Небо было ясное, и с юга сияла луна, озаряя все вокруг холодным светом. Ниниэль выбежала на выжженное место и увидела лежащего Дракона, его белесое брюхо, освещенное луной. Но рядом с ним лежал человек, и Ниниэль забыла страх. Она бросилась через тлеющее пожарище к Турамбару. Он лежал на боку, и меч был под ним, но лицо его при свете луны казалось мертвенно–бледным. Ниниэль, рыдая, упала к нему на грудь и поцеловала его, и показалось ей, что он еще дышит, но она решила, что надежда обманывает ее, ибо он был совсем холодный, не шевелился и не отвечал ей. Лаская его, Ниниэль вдруг увидела, что рука его почернела, как обожженная, и Ниниэль омыла ее слезами и, оторвав полосу от платья, перевязала его. Но Турамбар по–прежнему лежал недвижно. Ниниэль снова припала к нему и воскликнула:

— Турамбар, Турамбар, вернись! Слышишь? Очнись! Это я, Ниниэль! Дракон мертв, мертв, и я здесь, с тобой!

Но Турамбар не ответил.

Брандир вышел из леса и услышал ее крики; он хотел было подойти к Ниниэли — и застыл. Ибо Глаурунг тоже услышал крики Ниниэли и в последний раз зашевелился. По его тулову пробежала дрожь, он приоткрыл свои жуткие глаза, — лунный свет блеснул в них, — и, задыхаясь, проговорил:

— Привет тебе, Ниэнор дочь Хурина. Вот мы и снова встретились перед смертью. Должен тебя обрадовать: ты наконец нашла своего брата. Вот он какой: убивает во тьме, подл с врагами, предает друзей, — проклятие своего рода, Турин сын Хурина! Но худшее из его деяний ты носишь в себе.

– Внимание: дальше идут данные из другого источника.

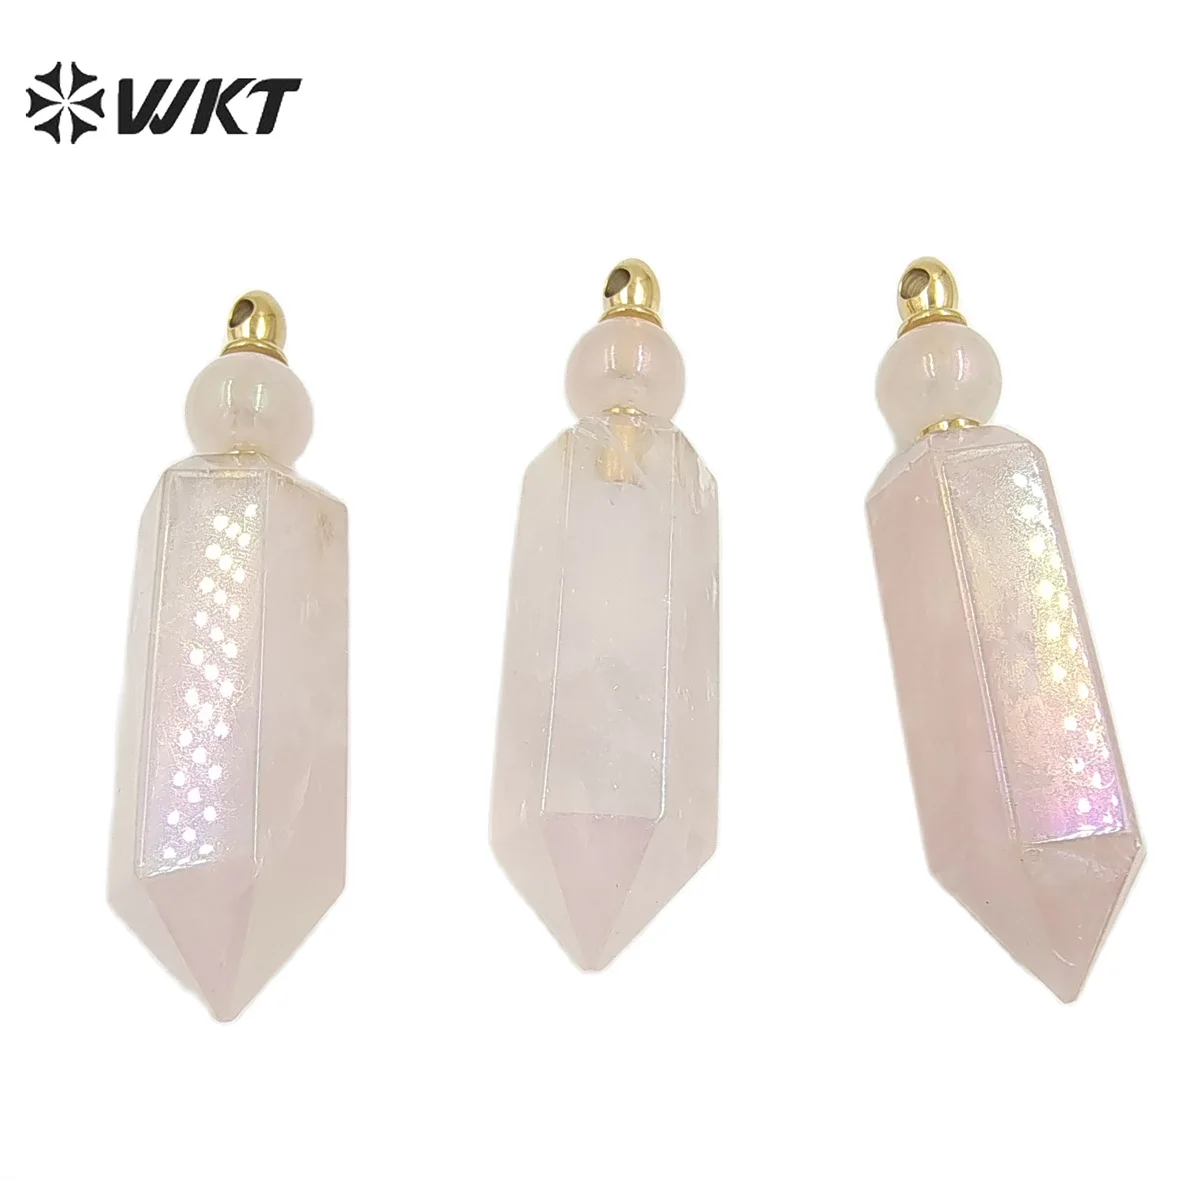 WT-P1788 WKT 2022 sweet style Natural pink quartz with Aura Pendant simple Pendant for wedding gift perfume bottle women
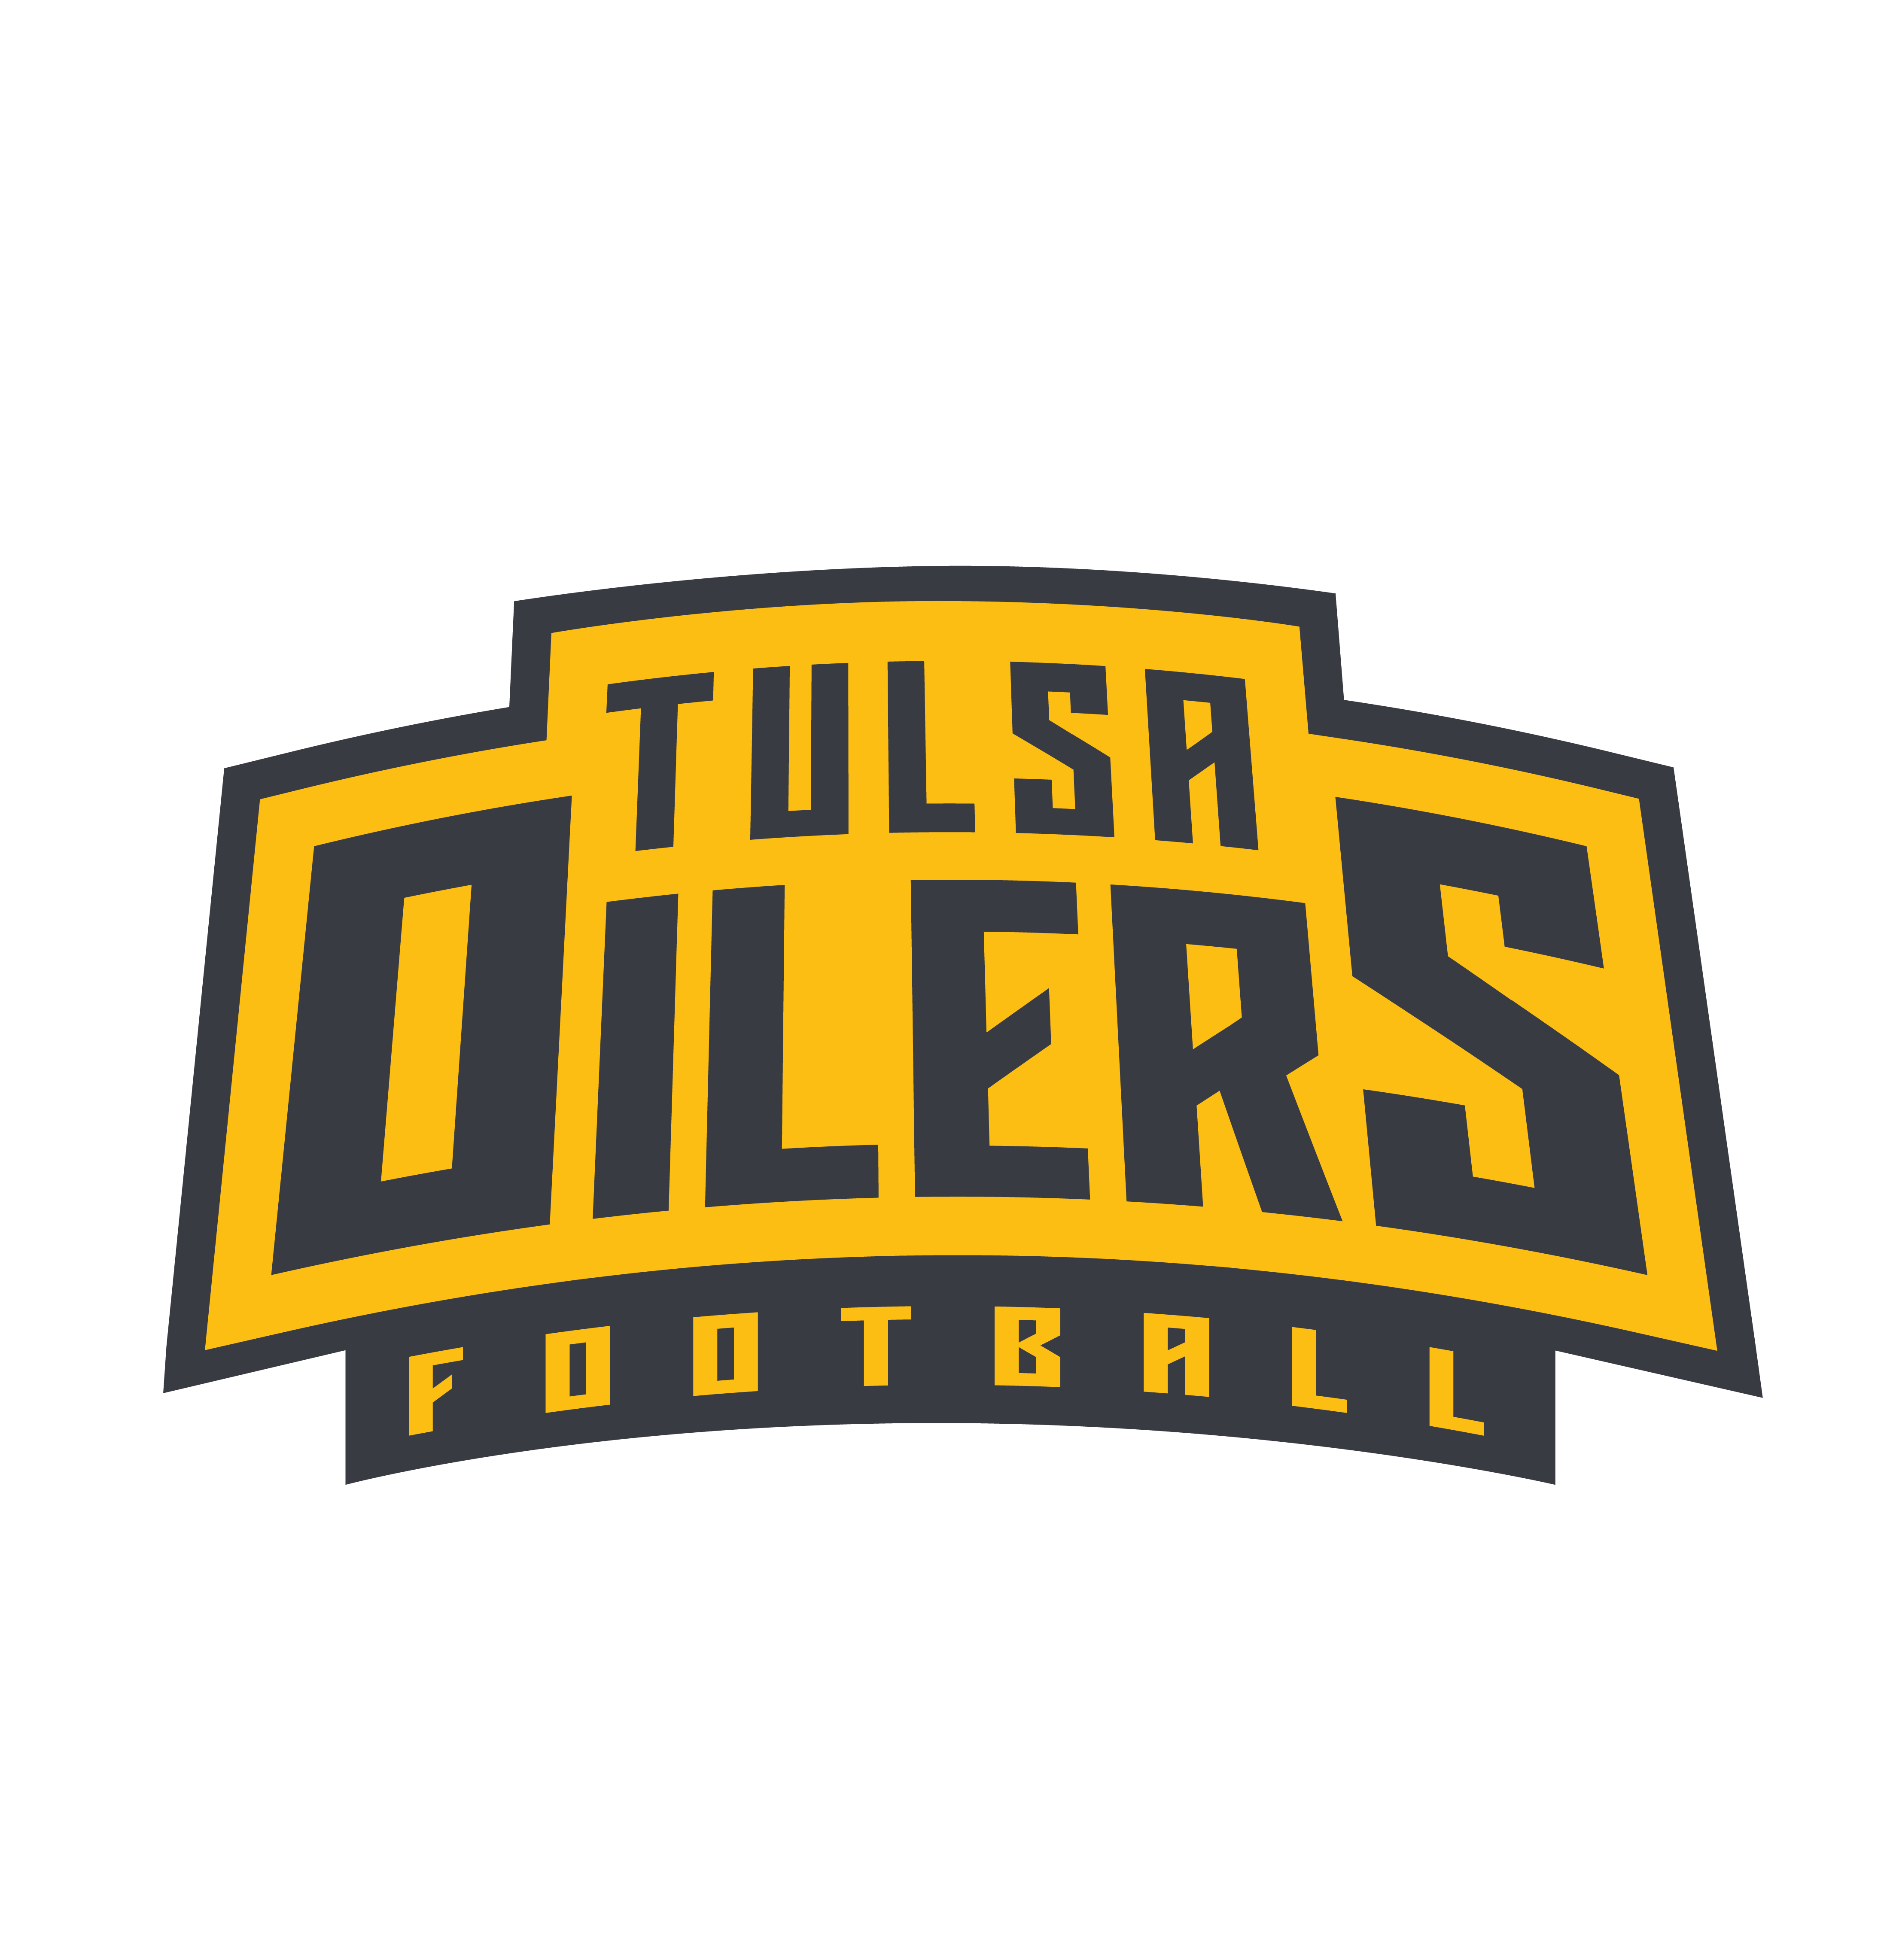 Home  Tulsa Oilers Store

Ниэнор сидела, словно громом пораженная; Глаурунг же издох. И в миг его смерти завеса, сплетенная его коварством, пала, и Ниэнор вспомнила всю свою жизнь, день за днем; не забыла она и того, что произошло с ней с тех пор, как ее нашли на Хауд–эн–Эллете. Она вся дрожала от боли и ужаса. Брандир тоже все слышал и, потрясенный, привалился к дереву: у него подкосились ноги.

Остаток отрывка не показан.